Величие подвига, совершенного нашим народом в годы Великой Отечественной войны, я начал понимать не только в школе на уроках истории, но и из рассказов в своей семье. У отца в 1942 году без вести пропал старший брат Иван, приславший с фронта всего одно письмо. В том же году погиб и мамин дядя, тоже Иван и тоже 1924 года рождения. Мама, двенадцатилетней девчонкой, провожала его на вокзале в Красную Армию. От него не пришло даже весточки, кроме похоронки…

 

ВОЕВАЛ С ЧЕСТЬЮ,

ЖИЛ С ДОСТОИНСТВОМ

 

Осознание выпавших на то поколение трагических испытаний войной многократно усилилось во мне, когда соприкоснулся с семьей моего тестя — Григория Васильевича Калинина. Родился он 12 февраля 1925 года в селе Бычки Бондарского района Тамбовской области.

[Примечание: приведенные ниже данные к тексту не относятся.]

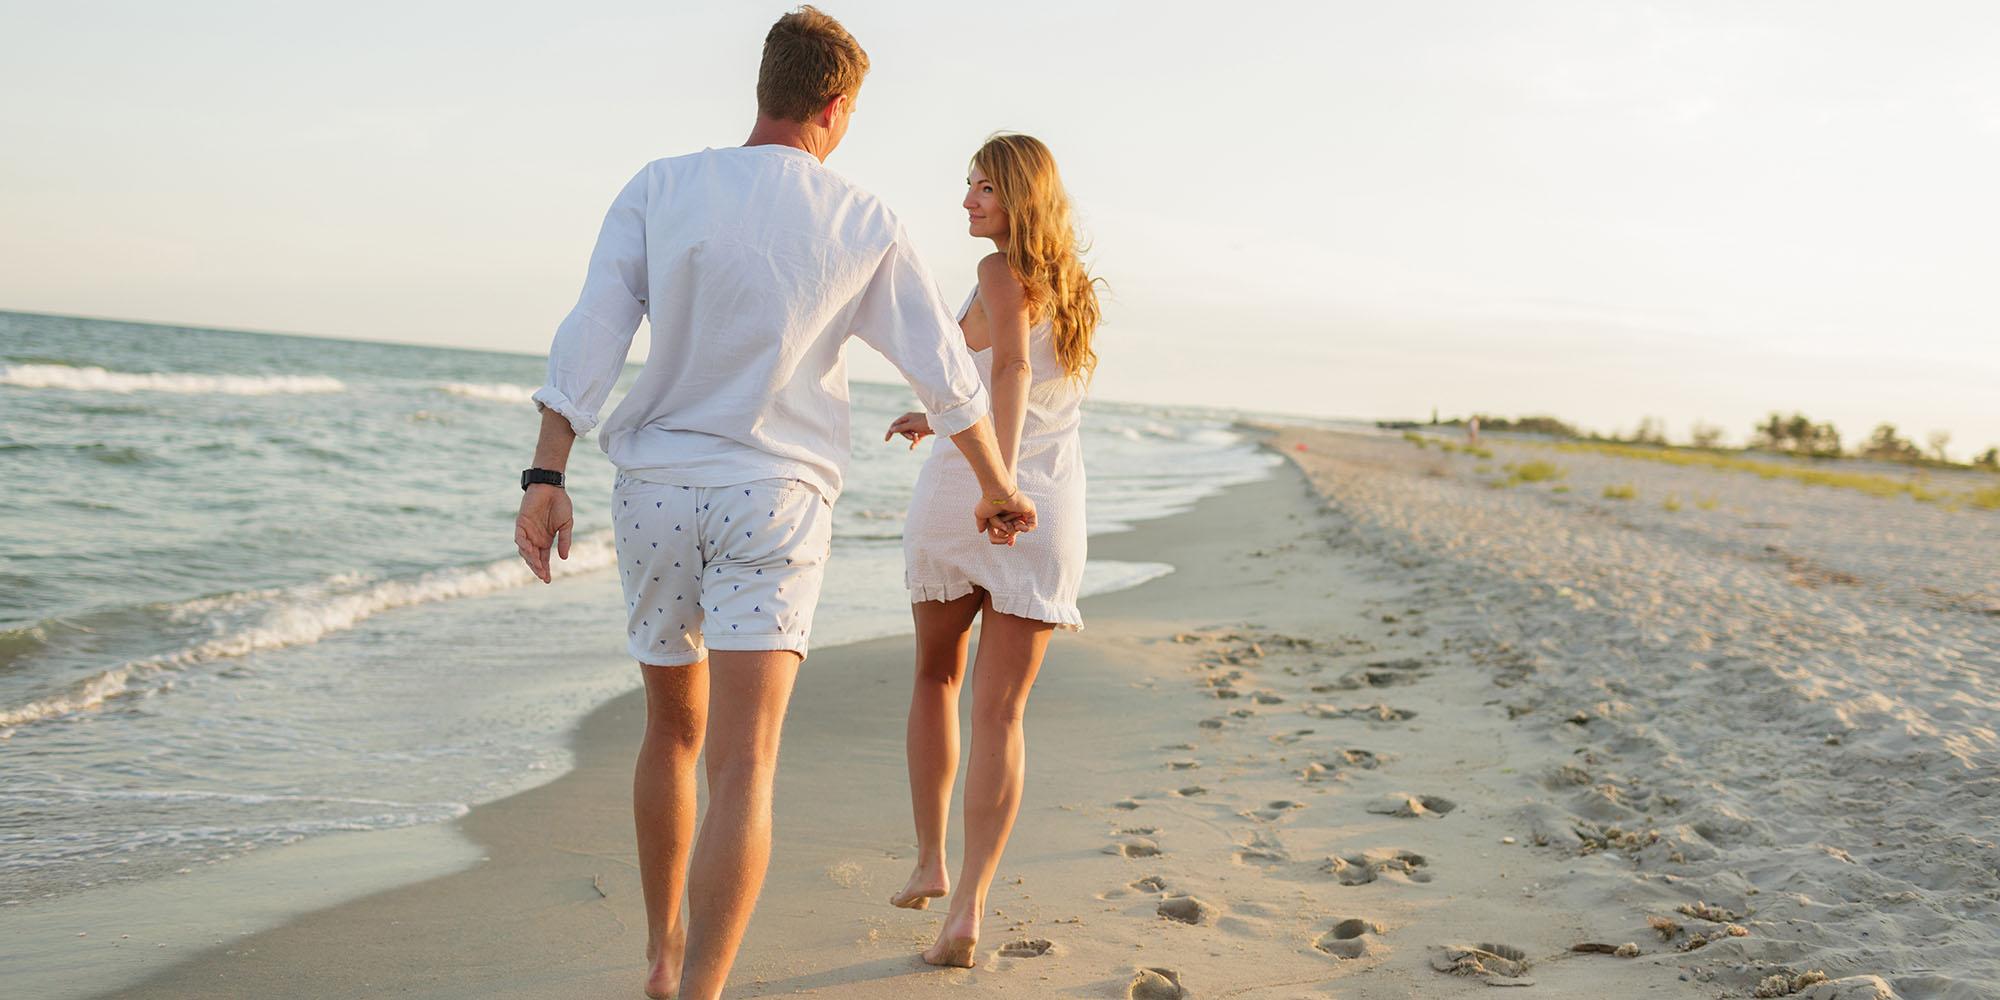 Young Beautiful Couple Walks Along The Seashore

В 1943 году, через месяц после своего 18-летия, не дождавшись повестки, он добровольно явился в тамбовский военкомат, чем вызвал немалое удивление у его работников. Присягу принял 20 июня 1943 года. Прослужил в армии 27 лет 2 месяца и 25 дней. Личный номер Б-050041.

Воевал связистом на Украине, брал Кенигсберг, с боями прошел Польшу, Германию. После войны служил в Белоруссии. После военного училища был направлен в Прибалтику, затем в Ярославскую область. Из Сибири попал на Байконур, где создавал ракетно-ядерный щит нашей Родины. Многочисленные его награды, в том числе орден Великой Отечественной войны II степени, медали «За боевые заслуги», «За отвагу», «За взятие Кенигсберга» и другие говорят о том, что воевал и служил Григорий Васильевич с честью. И жил с достоинством. В отставку ушел в звании майора. В 1971 году перебрался в Воронеж. В апреле 2000 года ему было присвоено звание — подполковник запаса.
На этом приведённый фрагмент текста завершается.